INFORMATION SUPPLIED:
Segment Open
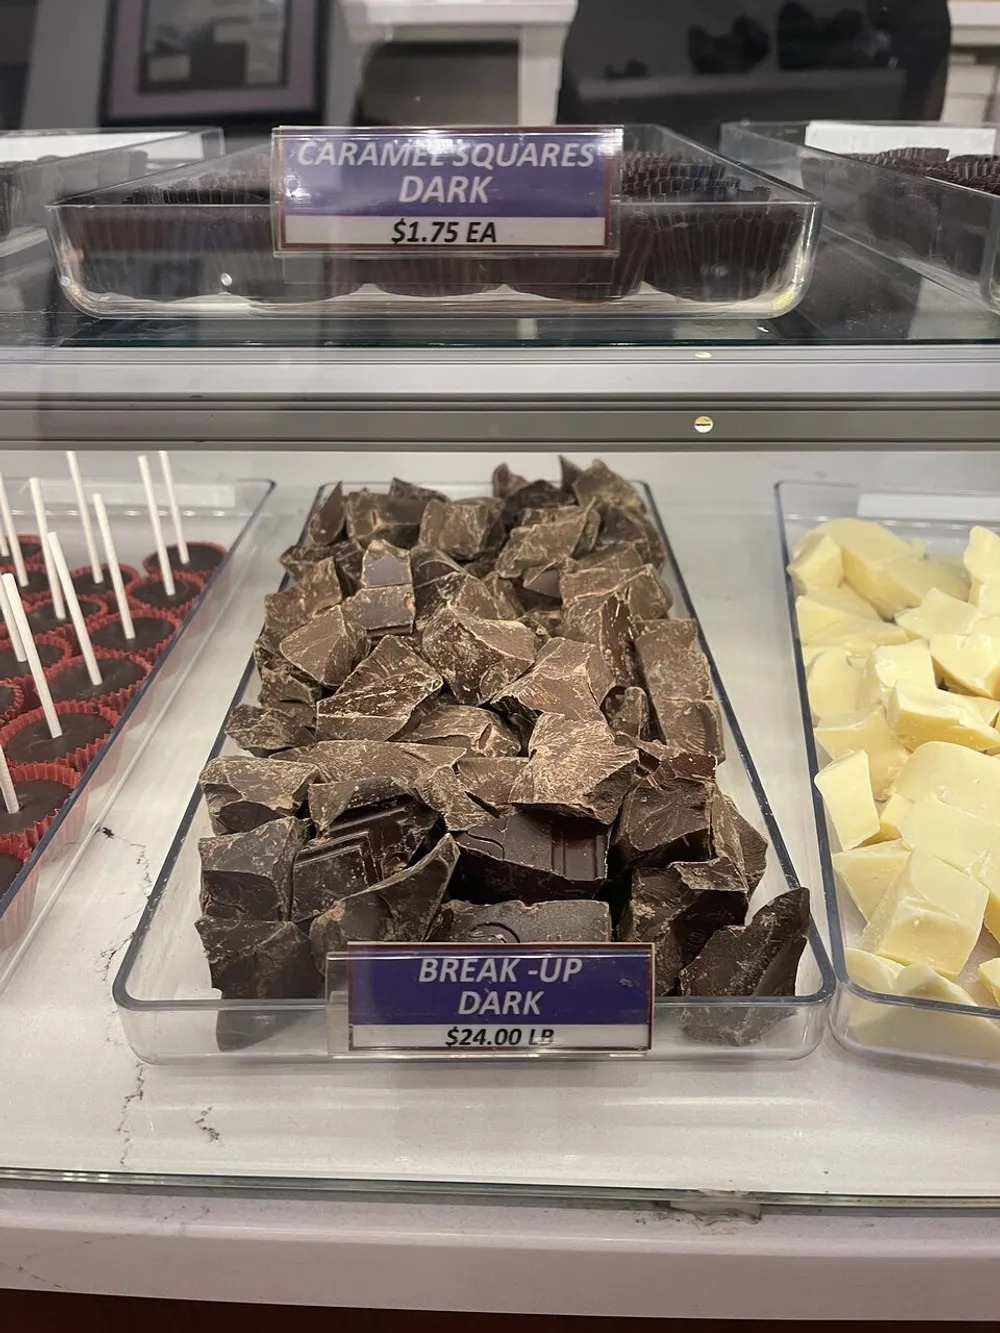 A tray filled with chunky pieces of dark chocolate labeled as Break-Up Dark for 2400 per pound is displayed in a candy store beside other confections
Segment Closed
Segment Open
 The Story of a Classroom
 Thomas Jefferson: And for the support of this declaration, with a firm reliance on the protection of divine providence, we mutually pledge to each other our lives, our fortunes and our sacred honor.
Segment Closed
Segment Open
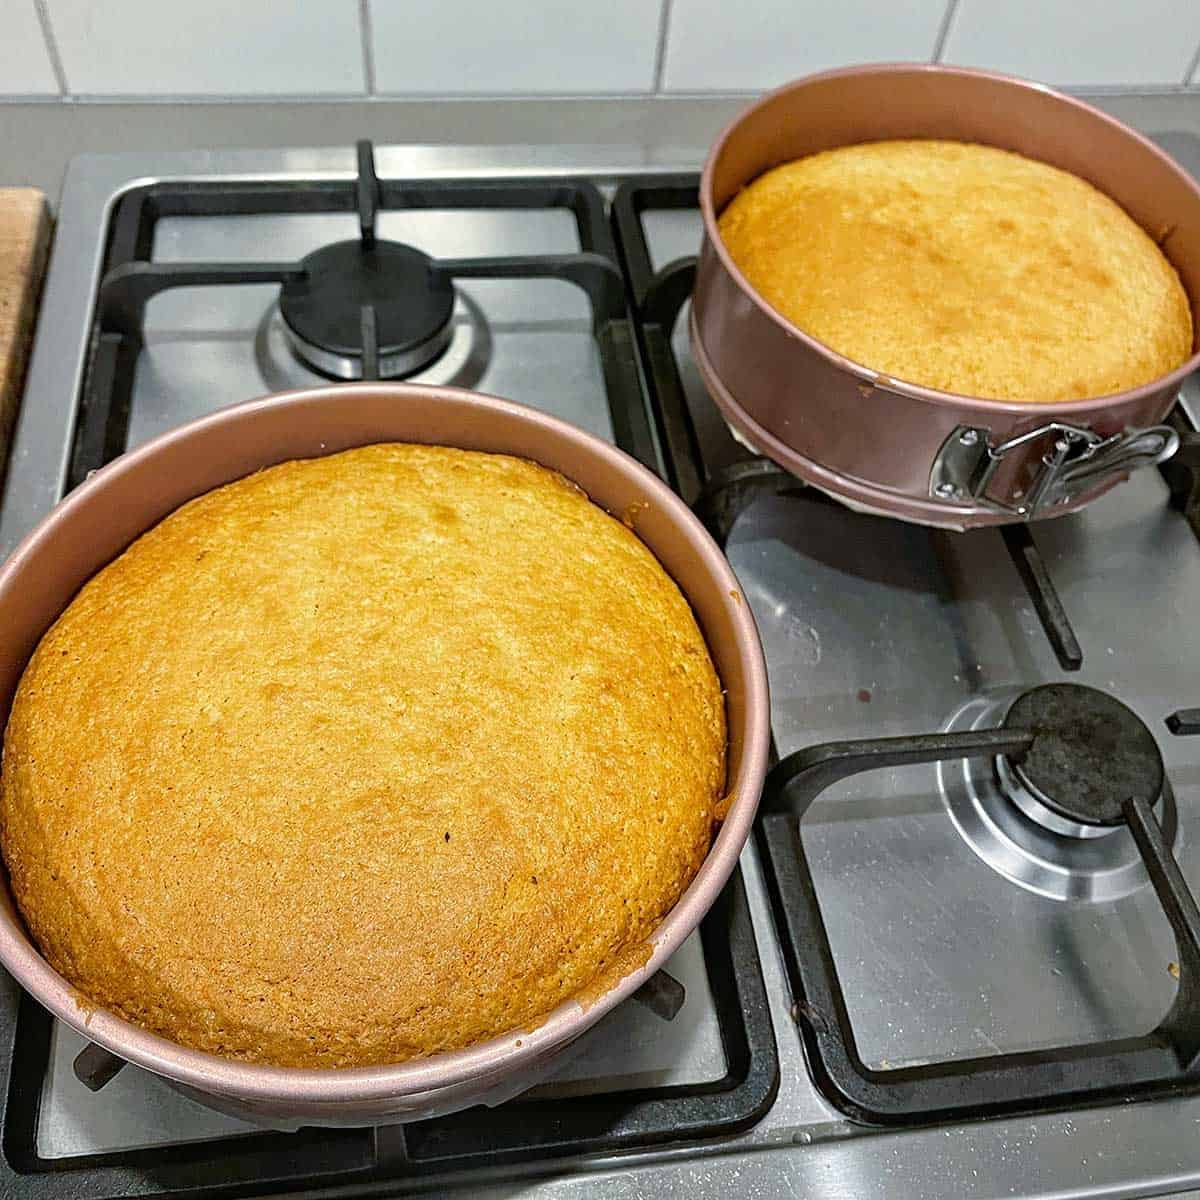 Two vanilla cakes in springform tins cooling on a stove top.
Segment Closed
WHAT IS BEING ASKED:
Find where the line with "The Story of a Classroom" sits in the material above, then copy exactly from it through the line with "Thomas Jefferson: And". Add no other line.

EXERCISE ANSWER:
 The Story of a Classroom
 Thomas Jefferson: And for the support of this declaration, with a firm reliance on the protection of divine providence, we mutually pledge to each other our lives, our fortunes and our sacred honor.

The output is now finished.